“Tomorrow, and tomorrow, and tomorrow/Creeps in this petty pace from day to day/To the last syllable of recorded time,/And all our yesterdays have lighted fools/The way to dusty death.” The outcome will (one hopes) not be the same but Suez and Gaz de France shareholders might share the rest of Macbeth’s sentiments.
Nineteen long months have passed since the proposal to merge the two utilities and it could be eight months more until the deal is consummated. In the meantime, information to help investors understand the merged group remains relatively scarce. Some details on operational and financial objectives, as well as corporate governance, were published on Monday. They do not go far enough.
This is due in part to political sensitivities. A target of nearly €2bn in annual cost, revenue and financial synergies by 2013 pussyfoots around the main opportunity for cost-cutting – reducing the group’s €10bn of annual staff costs. Those synergies that can be mentioned actually seem underestimated – like cutting €300m a year from the €48bn now spent on procurement.

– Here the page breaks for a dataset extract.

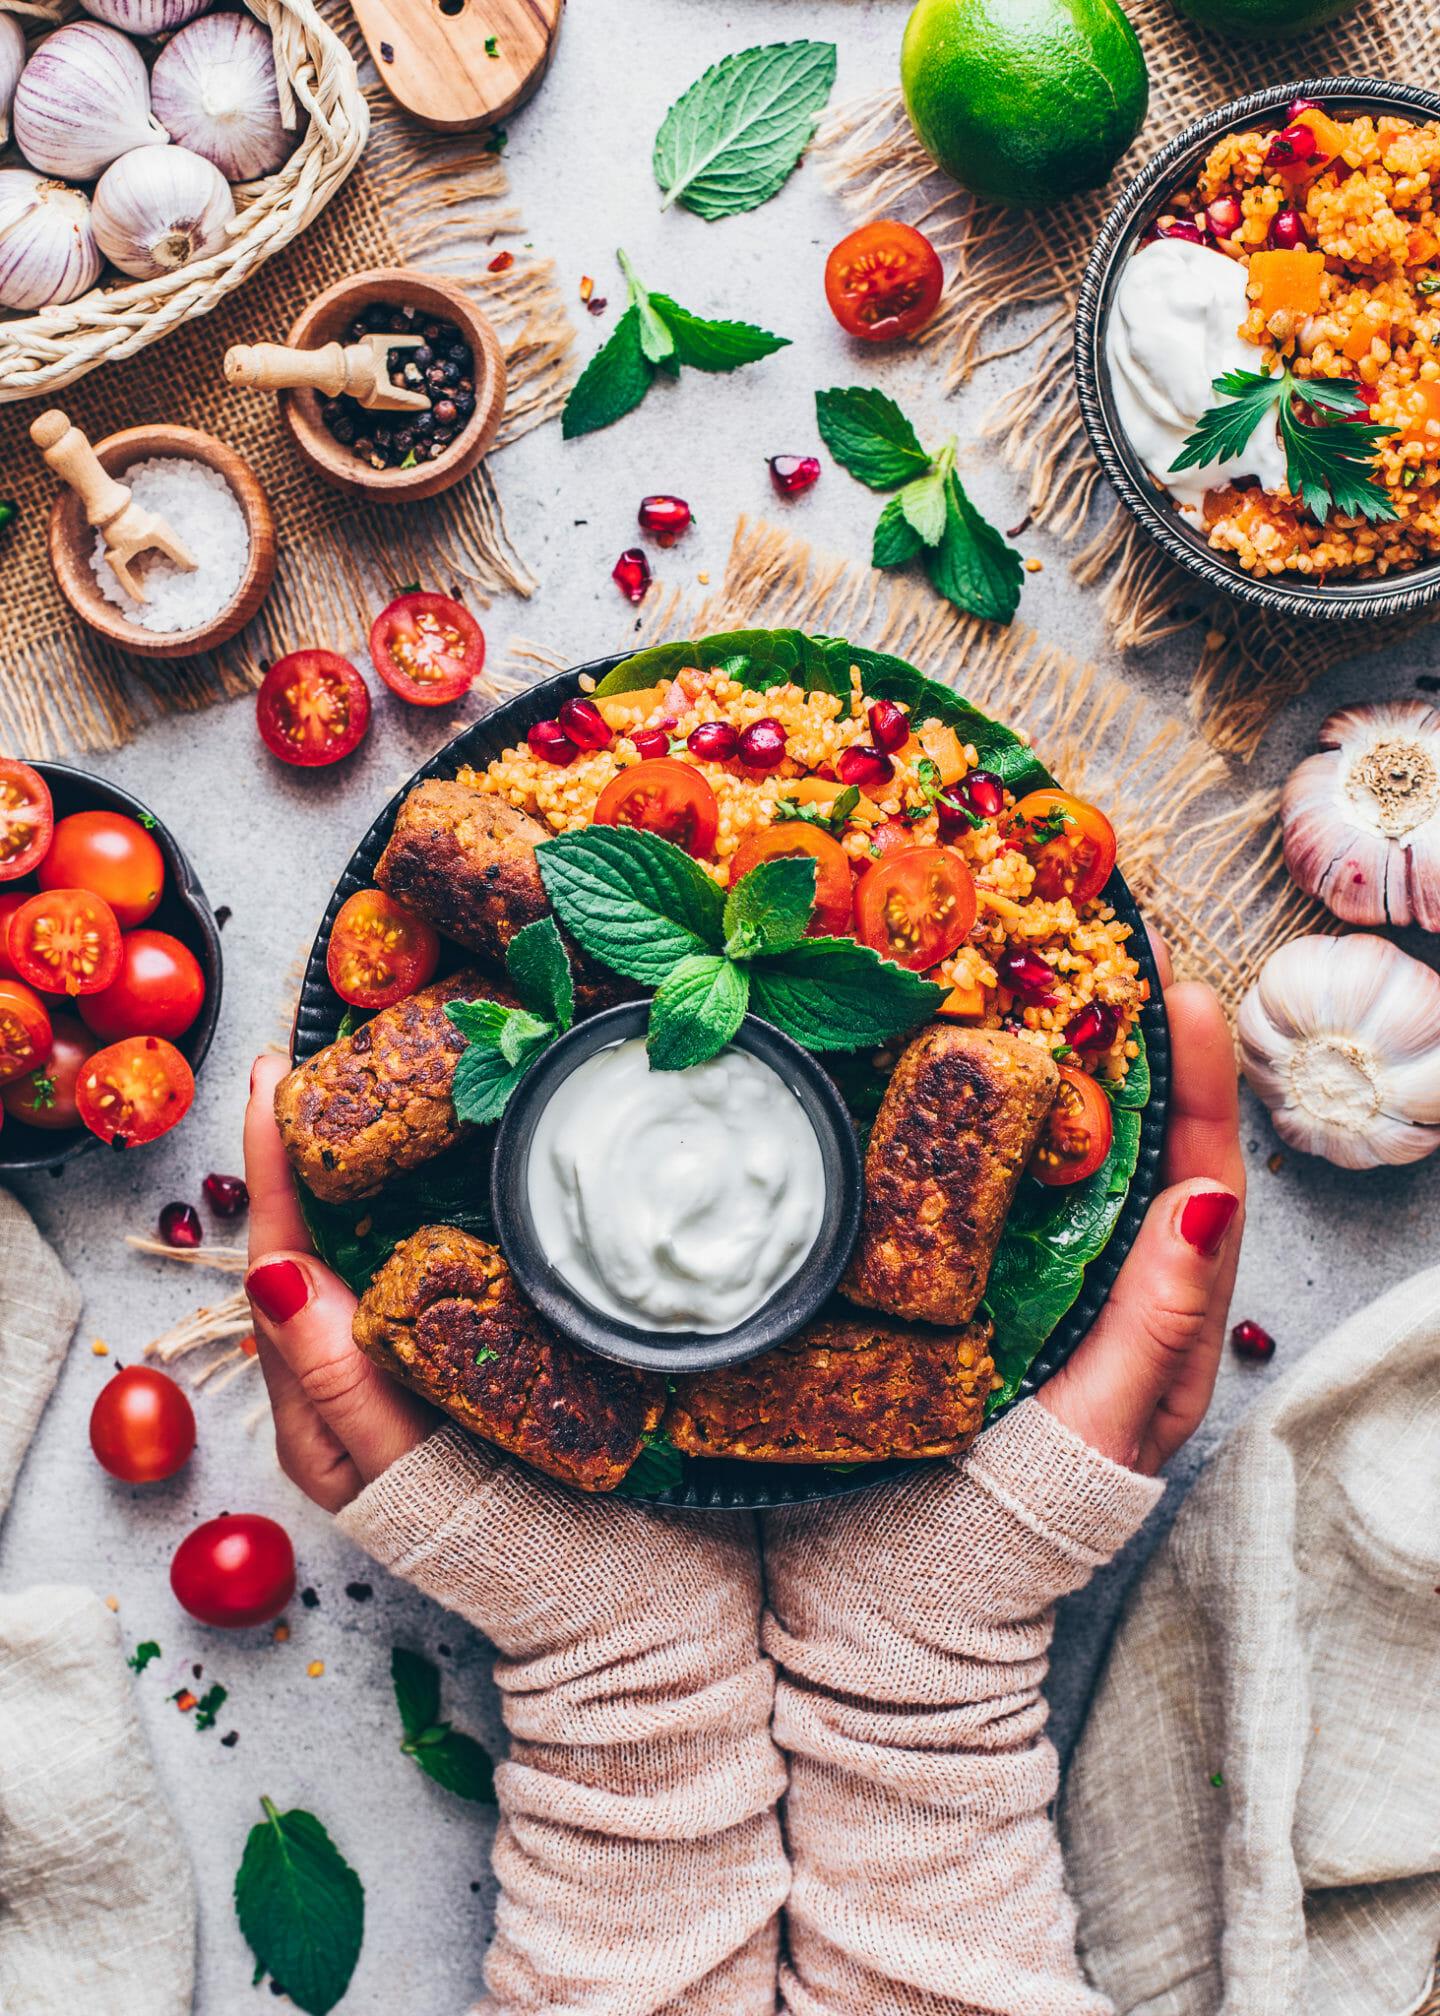 Vegan Cevapcici with Bulgur Salad and Tomatoes (Food Photography)
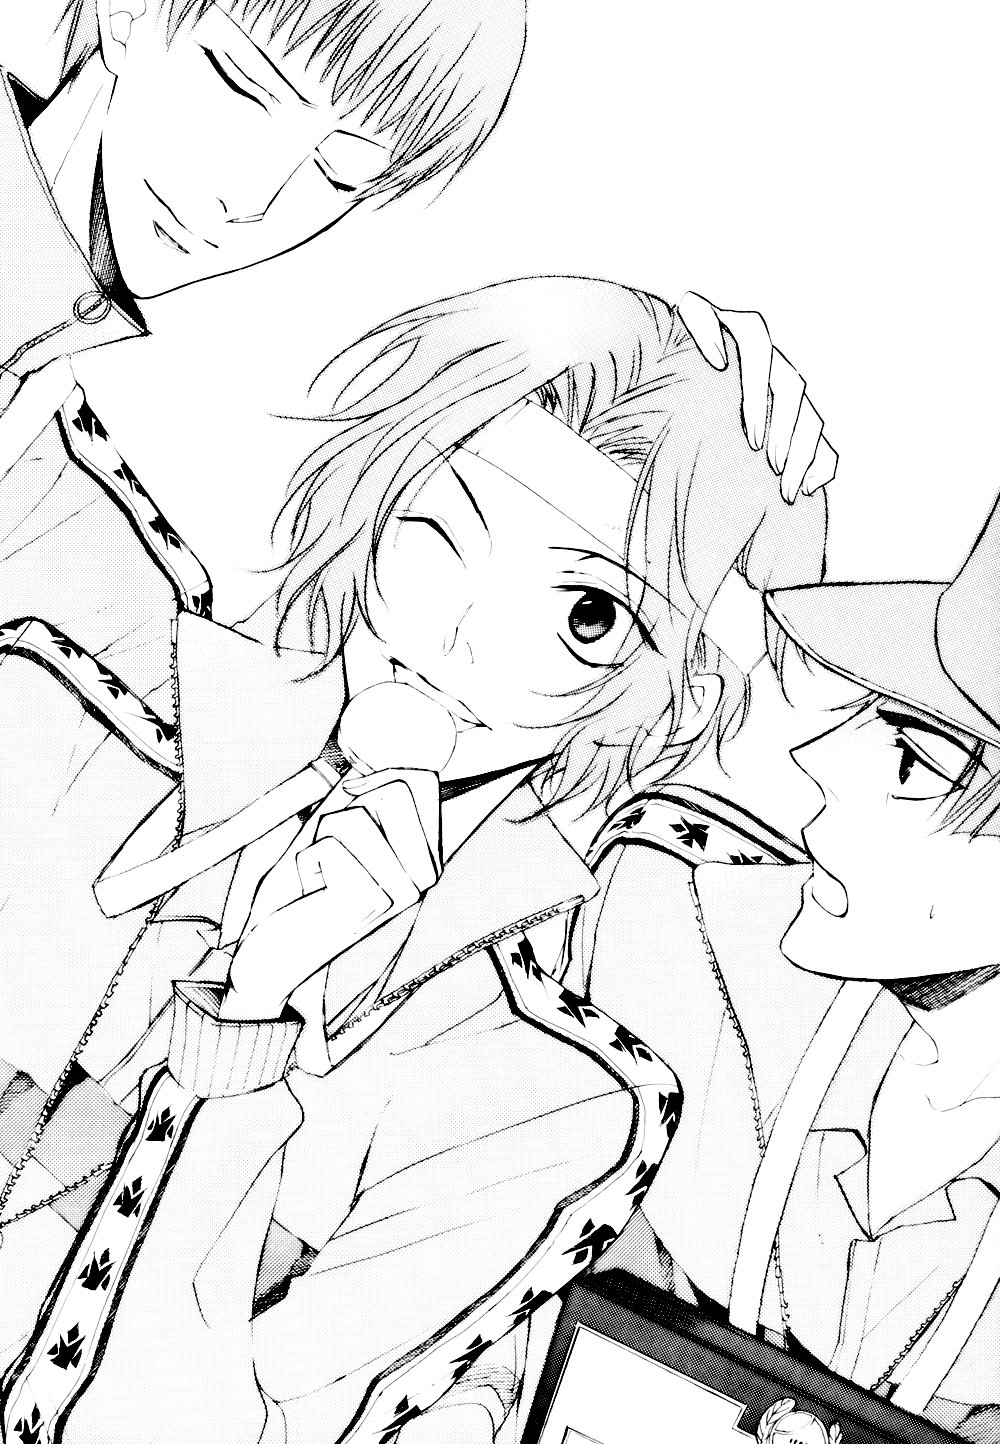 Manga, Otaku And Videos On Pinterest

This is a source of potential upside for investors. Other oddities, such as a 24-person board, are clearly negative. An unwieldy governance structure also provides little reassurance about how the new group will use its huge financial firepower. In spite of a larger-than-expected capital expenditure programme, net debt is anticipated to be just 1.1 times earnings before interest, tax, depreciation and amortisation at the end of 2008. With a market capitalisation of about €90bn, GdF Suez has the capacity to be a bull in the china shop of global utilities.
The merger of two big businesses is, obviously, going to be a complex task. Politics has clouded this deal for many months and the management now has the opportunity to make its vision clearer. On Monday that opportunity was sadly missed.